SST: Salo-Salo Together () is a Philippine television variety show broadcast by GMA Network. It premiered on March 20, 1993 replacing Lunch Date. The show concluded on June 30, 1995 with a total of 684 episodes. It was replaced by Eat Bulaga! in its timeslot.

History

SST's first aired on March 20, 1993 as a replacement for Lunch Date, hosted by Randy Santiago, Dennis Padilla, and Smokey Manaloto with Liezl Martinez, Anjanette Abayari, Joy Ortega and Giselle Sanchez as co-hosts. In less than six months after it aired, SST started to overtake its arch-rival, Eat Bulaga! (ABS-CBN)  in the ratings by providing fresh interactive segments like "Grabe!" (a contest where live studio audience join the hosts of SST in a dare), "Knock Knock Hello!" (where SST wall clocks were given out to a lucky household member whose home was posted with an SST sticker), "Sari-Sari Stories" (a weekly comedy skit where SST hosts spoof a certain movie or Pinoy pop culture) and "Ano ka Hello?" (where SST hosts call out a lucky viewer and ask them questions about what they just saw in a particular episode). Moreover, SST hosts like Dennis, Smokey, Anjanette, Joy and Giselle became contract stars of Viva Films, where they have appeared separately in numerous movies. A free SST Sticker can be given to the audience on every weekdays.

Shortly before SST celebrated its first year on television, co-host Joy Ortega left the show.  She was subsequently replaced by Ai-Ai delas Alas who came from the predecessor show "Lunch Date". Main host Randy Santiago also started extra work for the show as the main director, with Cesar Cosme as 2nd unit director.  Soon after, SST gave a break to other newcomers in showbiz like Bayani Agbayani, Dale Villar and Bernadette Allyson (who was introduced as VJ Berna).

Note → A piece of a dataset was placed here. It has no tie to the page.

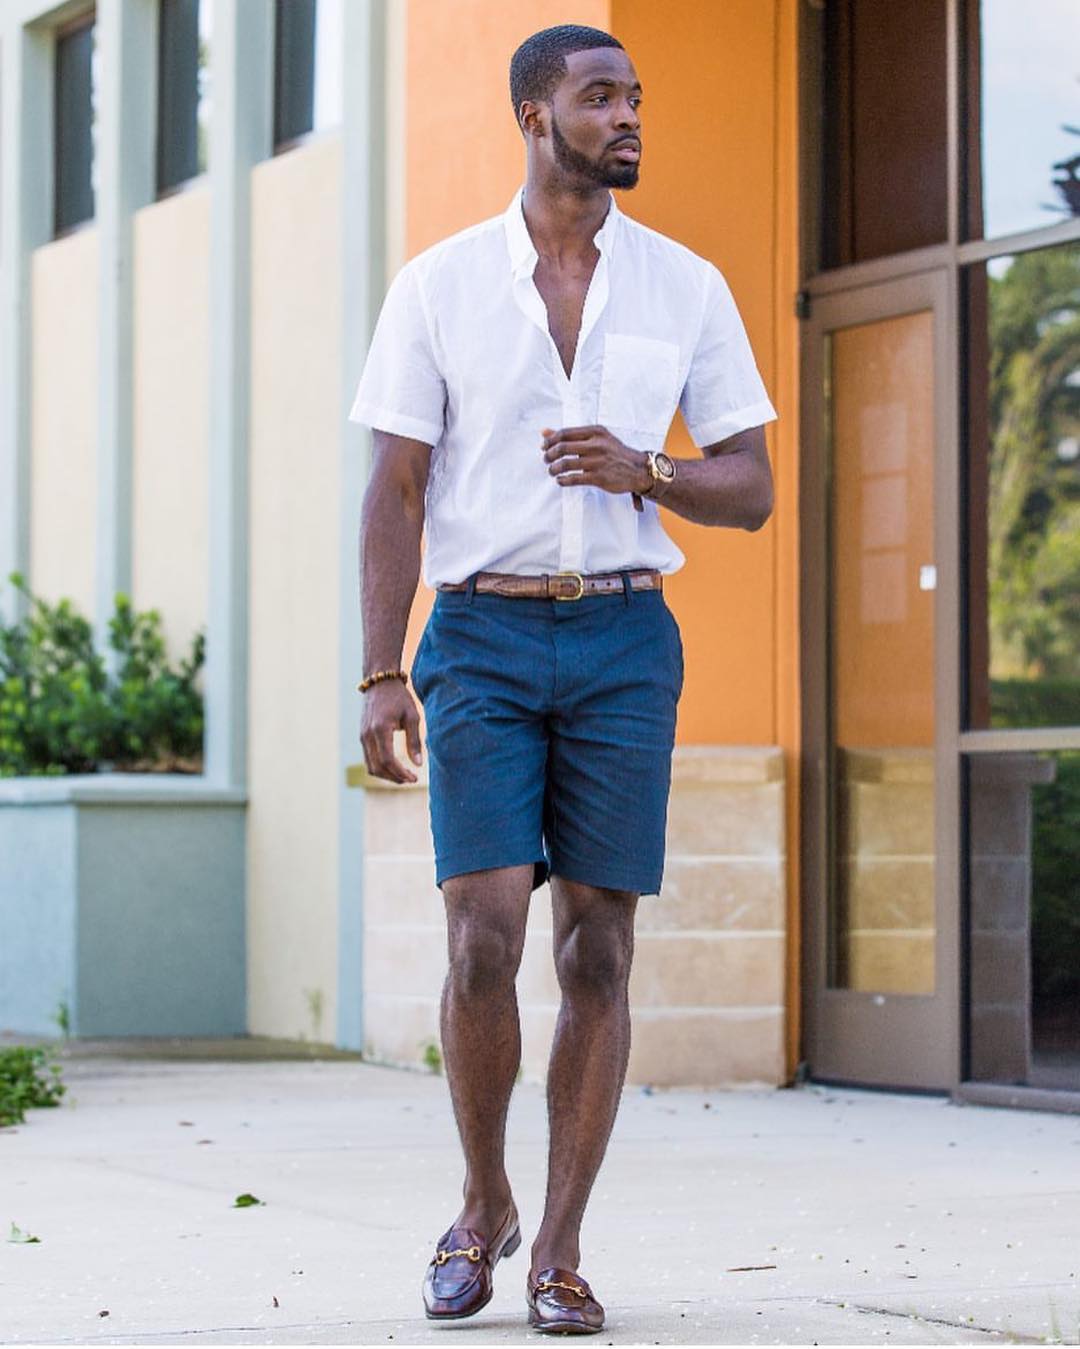 Men Can Be Stylish And Hot Too! Check Out These Sizzling Male Styles
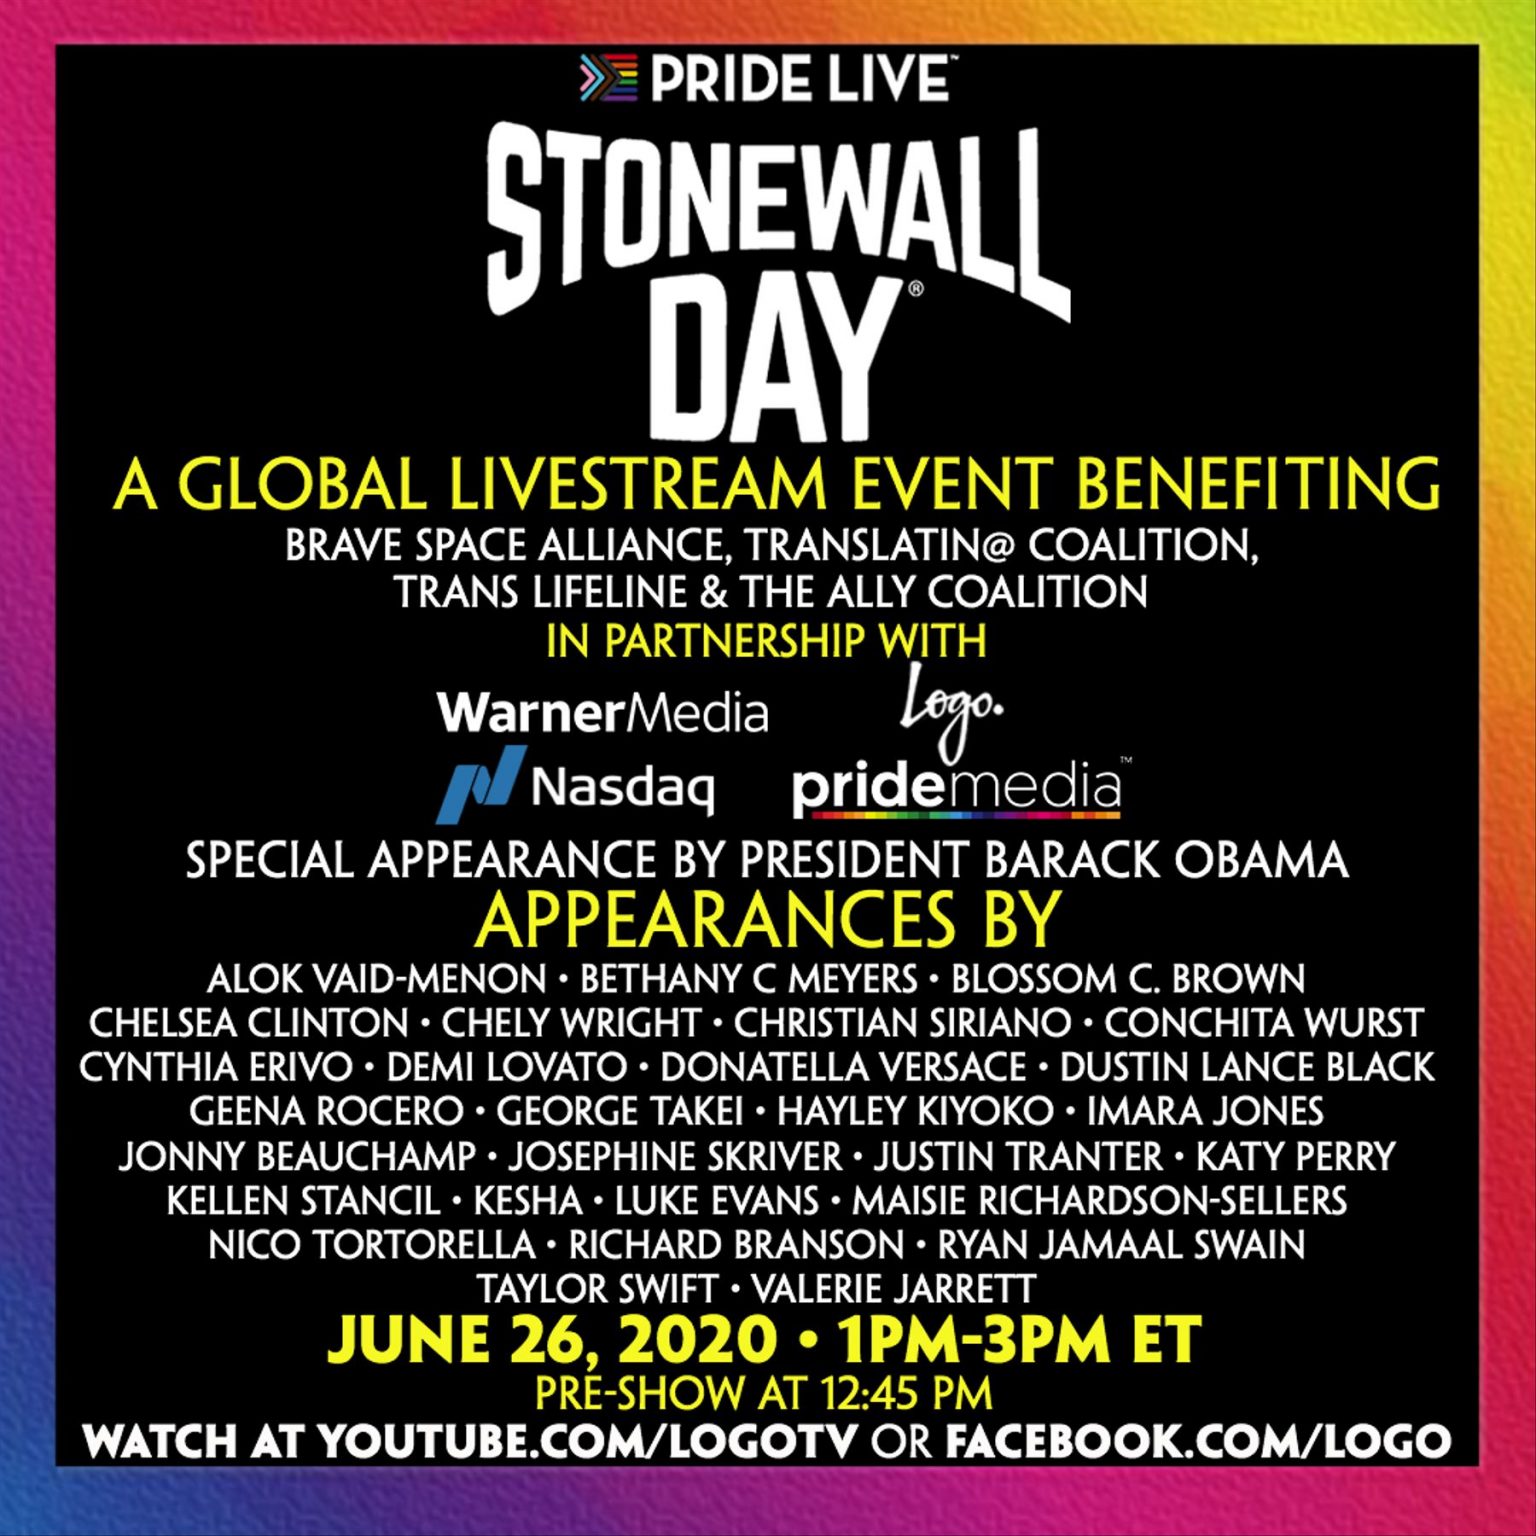 Pride Live and Pride Media’s Third Annual Stonewall Day idobi Network

However amidst the high ratings of the show at that time, what started as a blind item eventually became showbiz news that "SST" was going to go off the air to give way to its rival noontime show "Eat Bulaga!" at the 12 pm slot. This transpired after "Bulaga!" itself had decided to move to GMA Network following their producer TAPE Inc.'s refusal to sell the show's rights to its previous home network, ABS-CBN. During "SST"'s New Year episode on December 31, 1994, the announcement of the new variety show's move to GMA was officially made by main hosts Randy Santiago and Dennis Padilla during the show's opening. The "SST" hosts and talents aired their sentiments on the announcement because they felt the GMA management did not give them a chance to prove that they could carry the noontime show to new heights.  At the same time, they were satisfied because the network decided to keep the show by moving "SST" to an earlier time slot to serve as a pre-programming to Eat Bulaga!. SST aired its final noontime episode on January 27, 1995. 
On January 30, 1995, SST was reformatted as a morning talk show, with its timeslot at 10:30 am. Entertainment writer Giovanni Calvo joined the "SST gang" as the segment host for "Katok Mga Misis", dishing out the latest rumors in show business.  However, "SST" was not able to dislodge ABS-CBN's "Teysi ng Tahanan" from the top spot and its ratings suffered.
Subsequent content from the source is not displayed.